A concerted effort to share data and compare routines for coronary bypass graft surgery resulted in a sudden sharp drop in deaths at the five hospitals performing the procedure in three New England states.
The result followed nine months of feedback on surgery outcomes, training in techniques of continuous quality improvement and the hospitals' observation of one another's departments in action.
In the nine months immediately after that "intervention" period, the hospitals collectively posted a drop of more than 20% in mortality, compared with the expected rate of deaths given the condition of patients prior to surgery.
That lower rate was maintained up to the end of the study period in mid-1993, said Gerald O'Connor, lead author of the report and an epidemiologist at Dartmouth-Hitchcock Medical Center in Hanover, N.H.
The analysis was published in the March 20 issue of the Journal of the American Medical Association.

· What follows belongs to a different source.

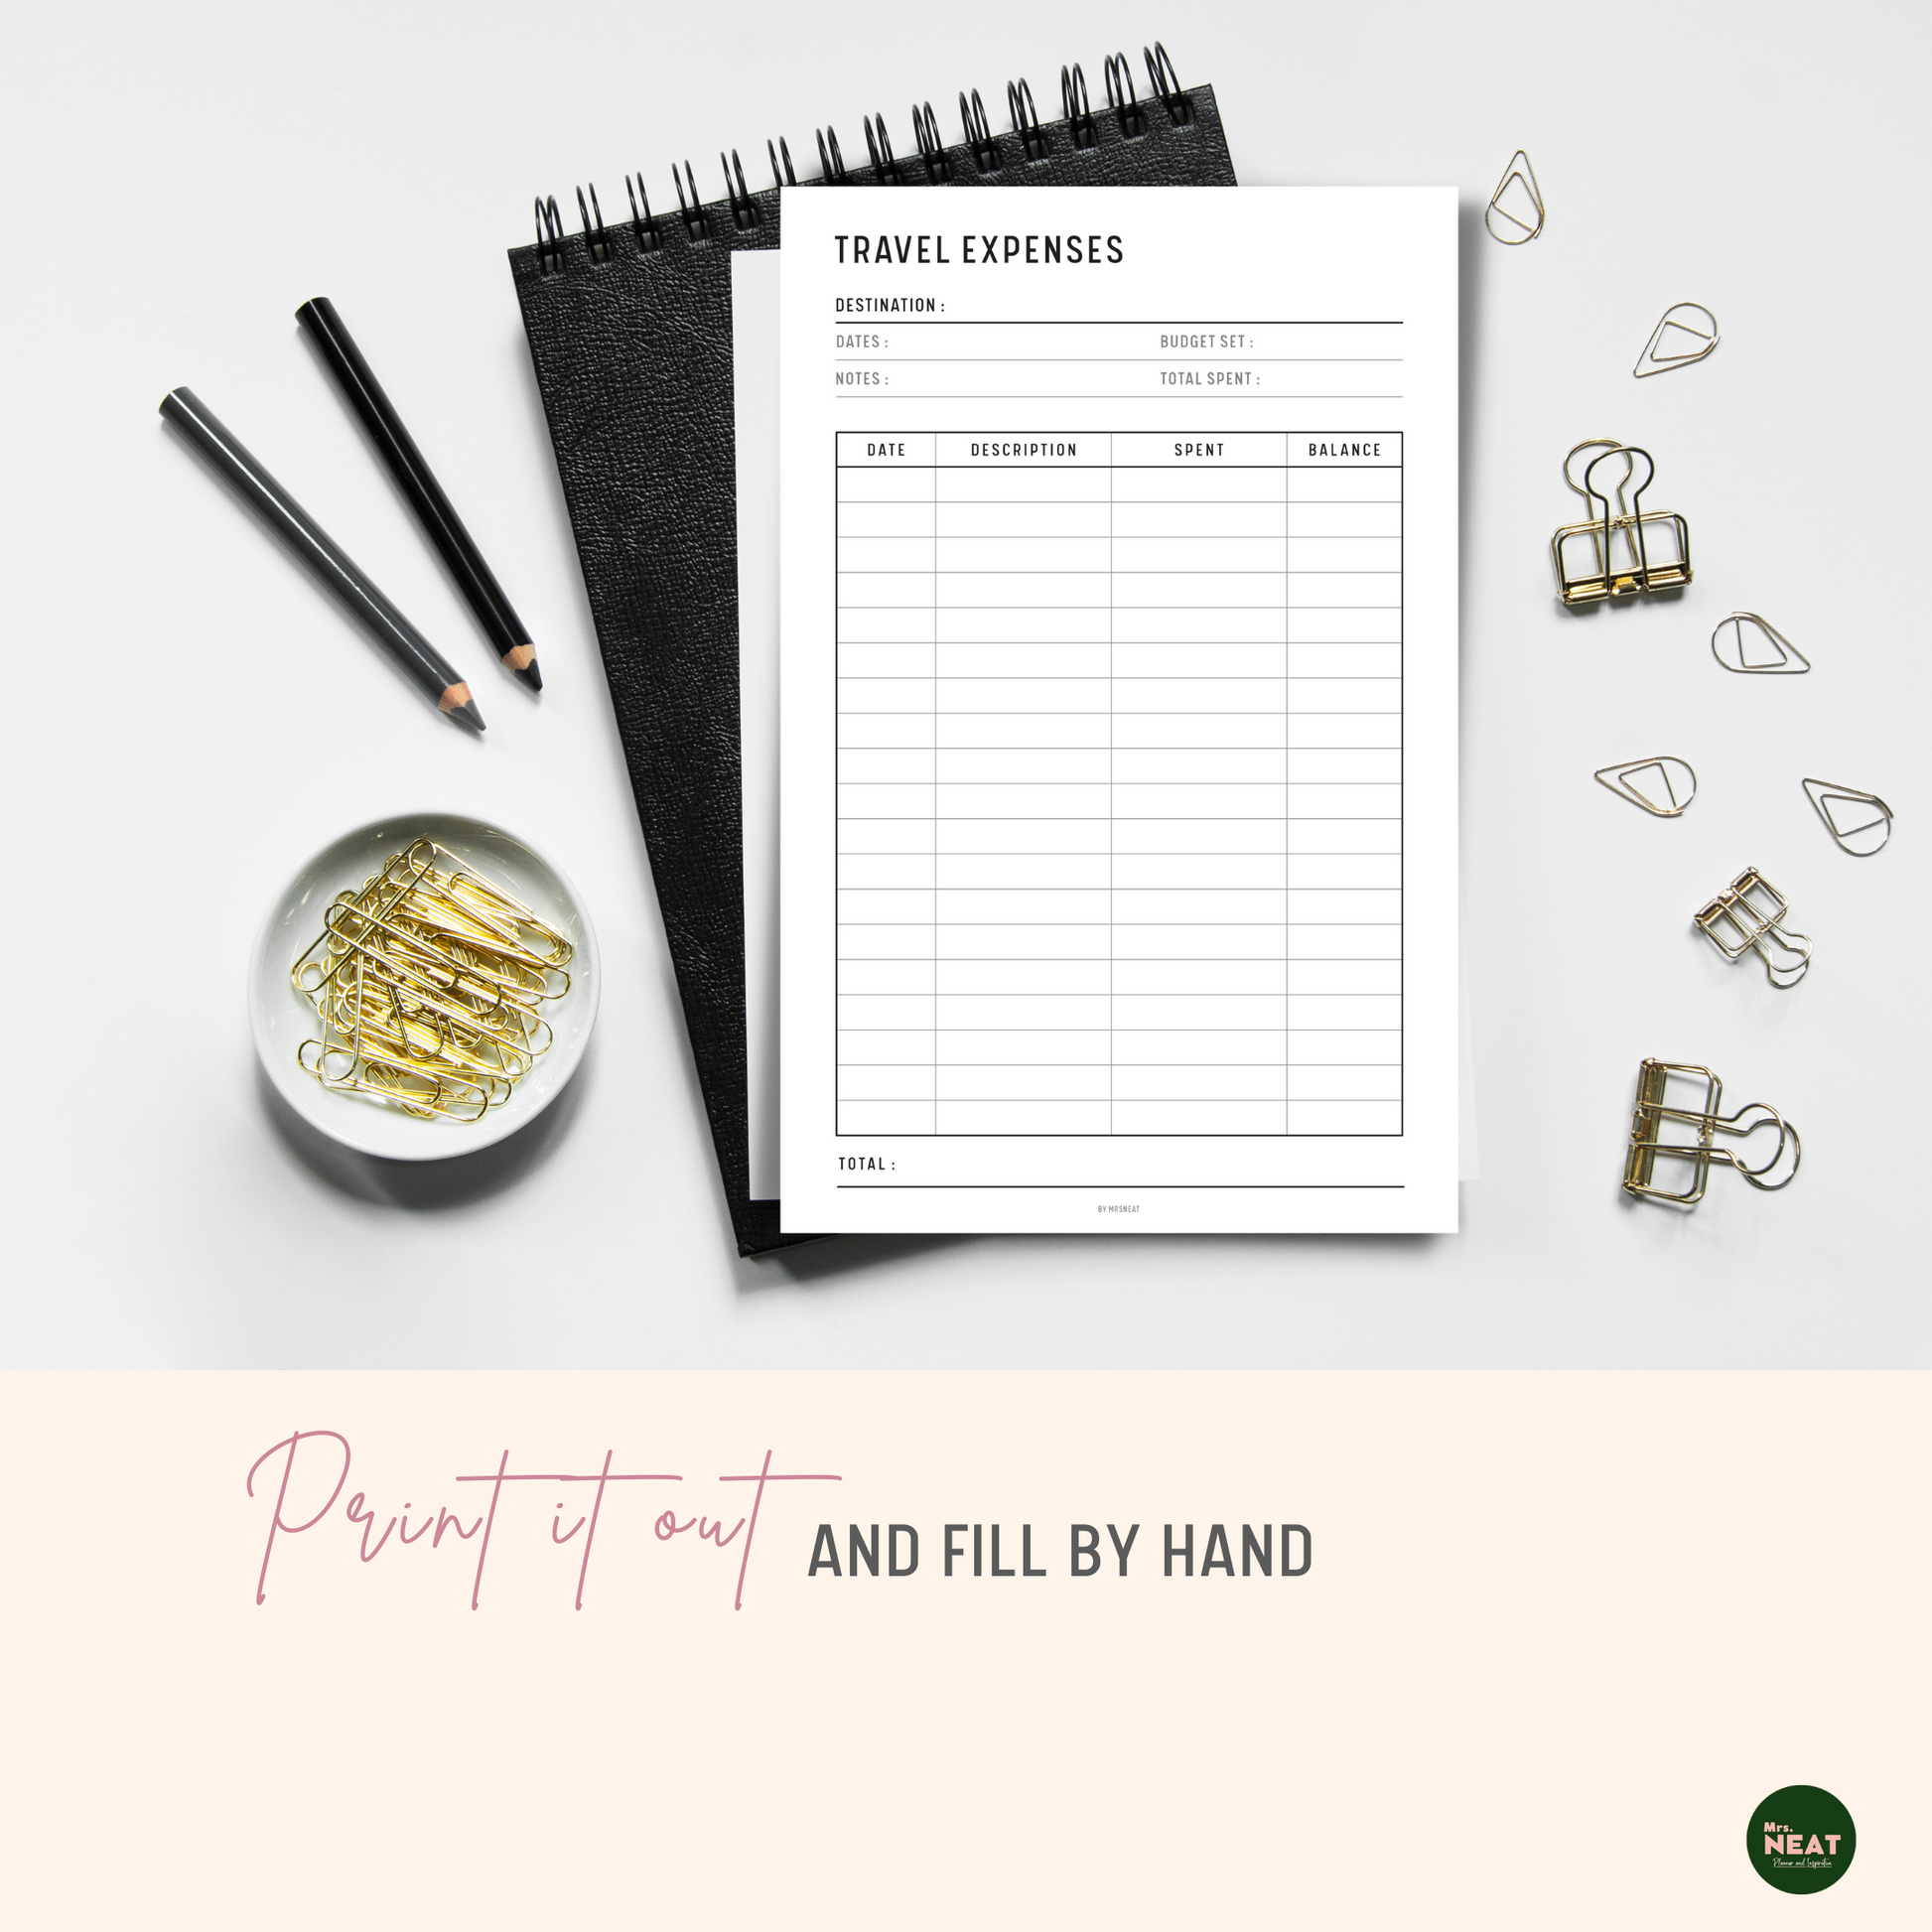 Travel Expenses Tracker Planner Printable printed out on the paper with stationery surround

From April 1991 through July 1993, 234 deaths were observed, 74 fewer than expected from a total of 6,488 operations performed at Eastern Maine Medical Center in Bangor, Fletcher Allen Health Care in Burlington, Vt., Catholic Medical Center in Manchester, N.H., Maine Medical Center in Portland and Dartmouth-Hitchcock.
The collaboration among 23 surgeons and their attendant clinical staffs was critical to developing an atmosphere for clinical improvement, O'Connor said.
In isolation, each surgeon and staff may see only a few operations a year that result in the patient dying because of any number of reasons, and they may not experience the same type of complication for years, he said.
In addition, the practices developed during surgery can become so ingrained that they aren't questioned. "We get so used to the system around us that we don't notice it," he said.
By comparing cases and watching each other work, the clinicians were able to revise any number of small processes and anticipate potential hitches, creating a system that made fewer mistakes, O'Connor said.
In particular, the surgical teams improved the points where responsibility for a patient moved from one specialist to another. "Handoffs are an absolutely critical time in healthcare, where errors are likely to occur," O'Connor said.